The overall score of each option is the sum of the scores of each individual tradeoff for that option. The score of each tradeoff is often simply its weight multiplied by its value, using 1/-1 as the value of qualitative tradeoffs (pro = 1, con = -1).

While qualitative tradeoffs are either pros or cons, quantitative tradeoffs may not be universally positive or negative. For example, consider price: a low price is a strength, but a high price is a weakness. Similarly, effort is a strength when low, but a weakness when high. Calculating a score for these types of tradeoffs can be a bit more involved:

For ratings, we can subtract the midpoint and use that as the value. E.g. by subtracting 3 from a 1-5 rating we get value from -2 to 2. Adjust accordingly if you don’t want the switch to happen in the middle.
For less constrained values, such as prices, we can use the value’s percentile instead of the raw number.

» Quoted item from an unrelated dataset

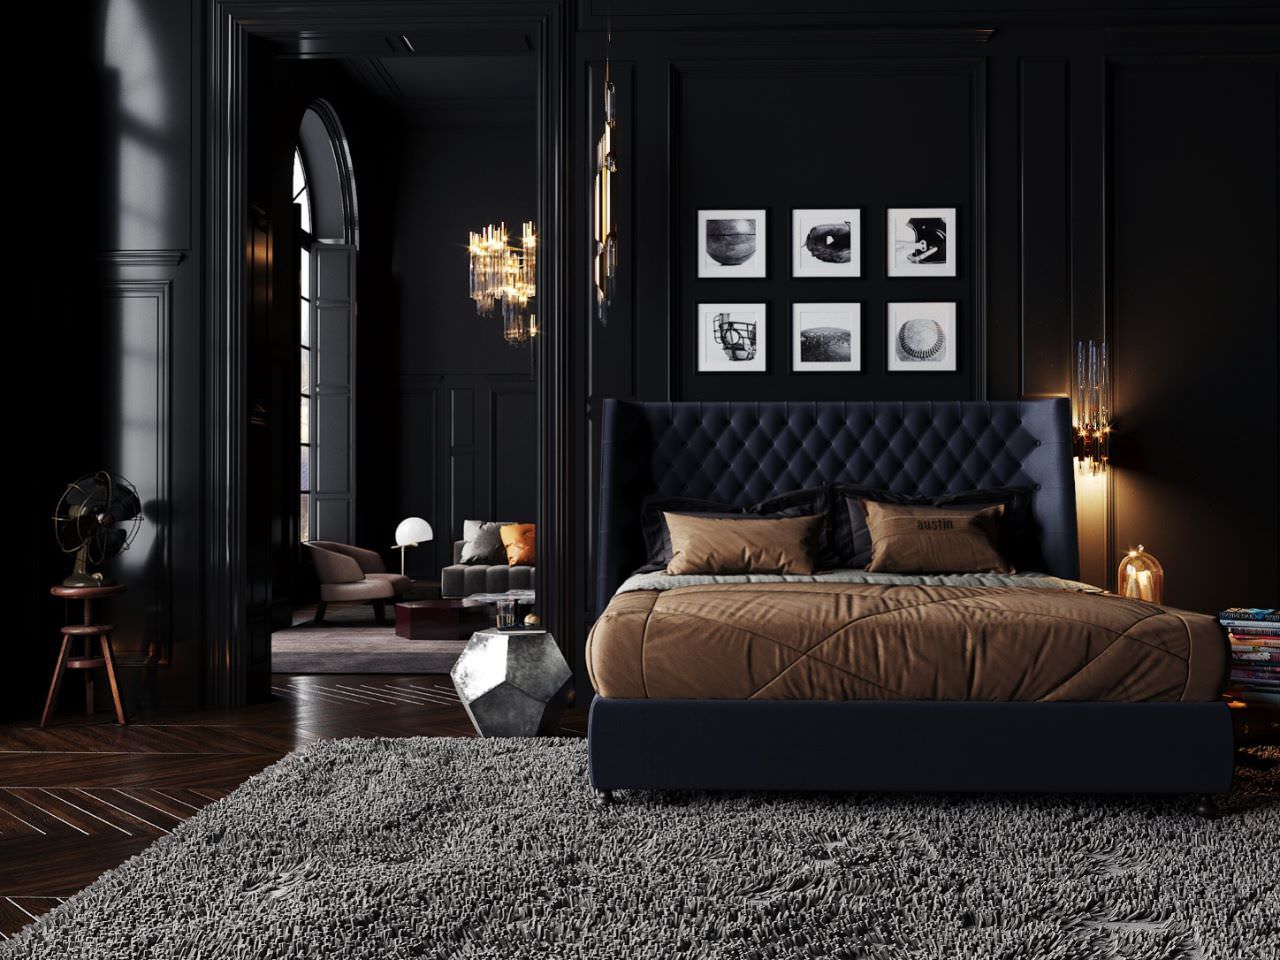 Phòng ngủ 30m2 màu đen huyền ảo làm tôn lên vẻ đẹp của các món nội thất cao cấp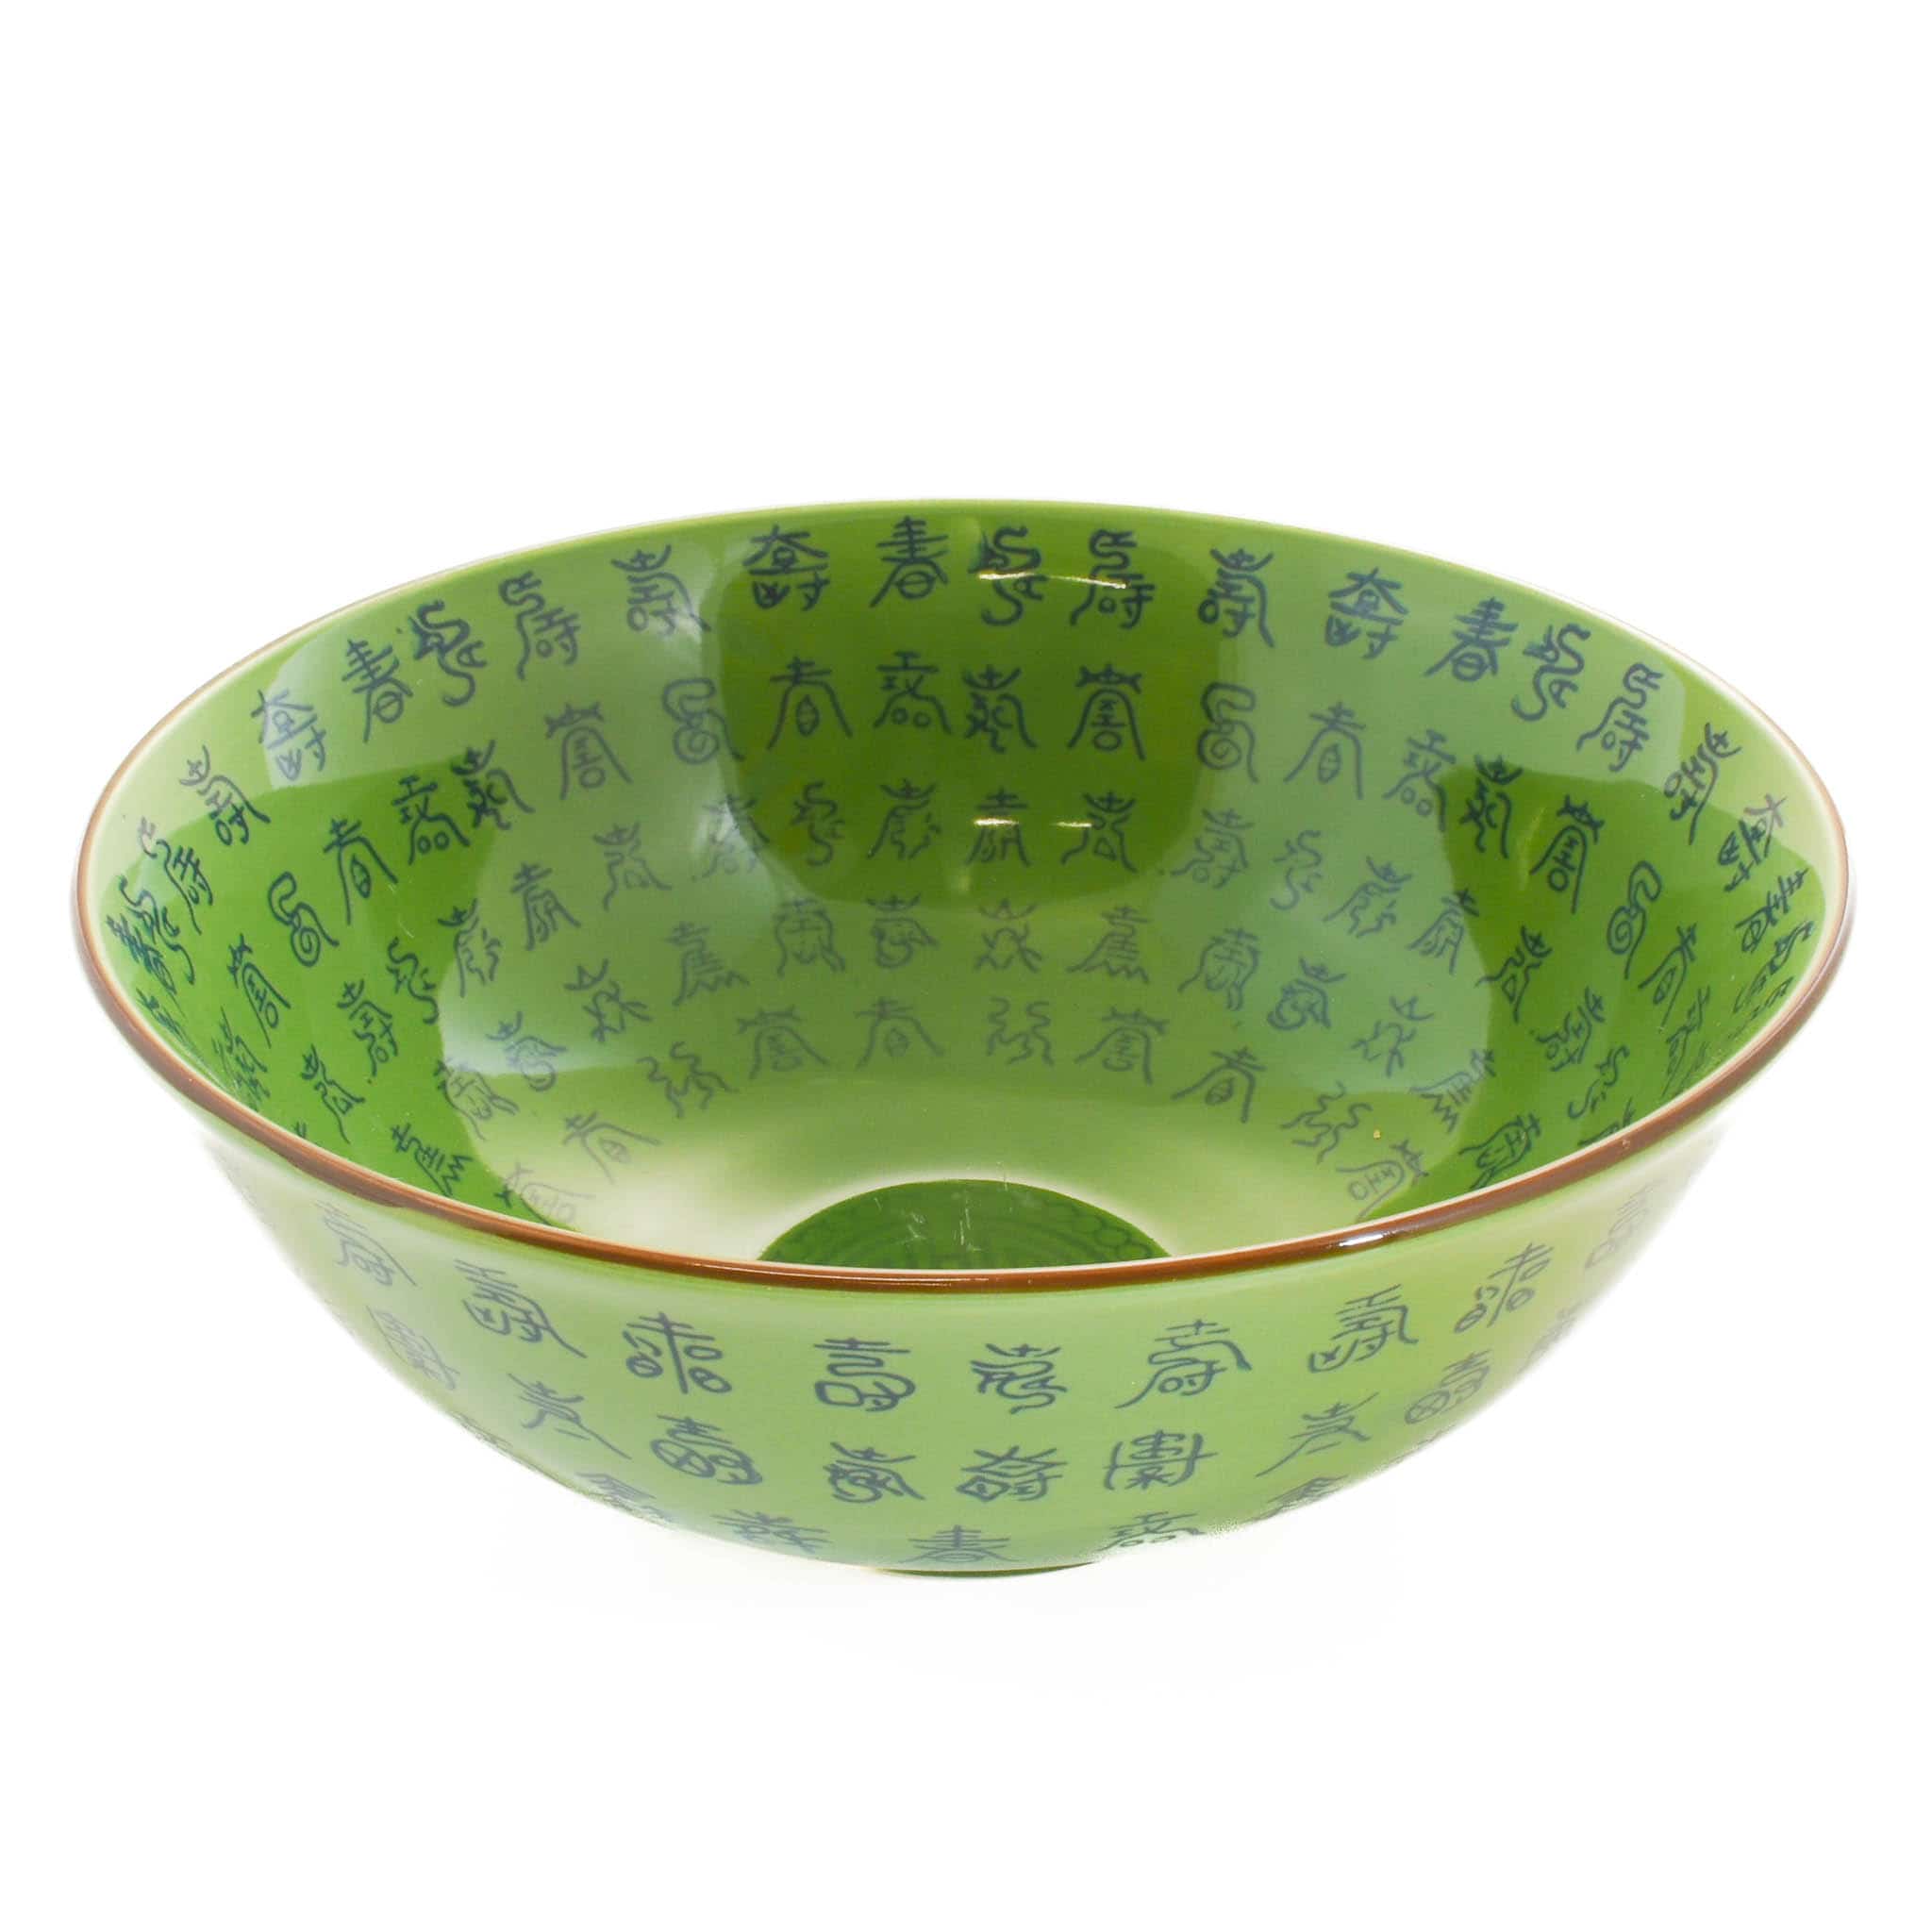 Green Chinese Ceramic Large Bowl, 22cm

Explicit vs implicit tradeoffs

When listing pros and cons across many choices, have you noticed that there is a lot of repetition? First, several options share the same pros and cons, which is expected, since they are alternative solutions to the same problem. But also because pros and cons come in pairs. Each strength has a complementary weakness (which is the absence of that strength), and vice versa.

For example, if one UI option involves a jarring UI shift (a bad thing), the presence of this is a weakness, but its absence is a strength! In other words, each qualitative tradeoff is present on all options, either as a strength or as a weakness. The decision of whether to pick the strength or the weakness as the primary framing for each tradeoff is often based on storytelling and/or minimizing effort (which one is more common?). A good rule of thumb is to try to avoid negatives (e.g. instead of listing “no jarring UI shift” as a pro, list “jarring UI shift” as as con).

It may seem strange to view it this way, but imagine you were trying to compare and contrast five different ideas, three of which involved a jarring UI shift. You would probably list “no jarring UI shifts” as a pro for the other two, right?

This realization helps cut the amount of work needed in half: we simply assume that for any tradeoff not explicitly listed, its opposite is implicitly listed.

Putting it all together

Your choice of tool can make a big difference to how easy this process is. In theory, we could model all tradeoffs as a classic decision matrix, with a column for each tradeoff. Quantitative tradeoffs would correspond to numeric columns, while qualitative tradeoffs would correspond to boolean columns (e.g. checkboxes).

Indeed, if all we have is a grid-based tool (e.g. spreadsheets), we may be stuck doing exactly that. It does have the advantage that it makes it trivial to convert a qualitative tradeoff to a quantitative one, but it can be very unwieldy to work with.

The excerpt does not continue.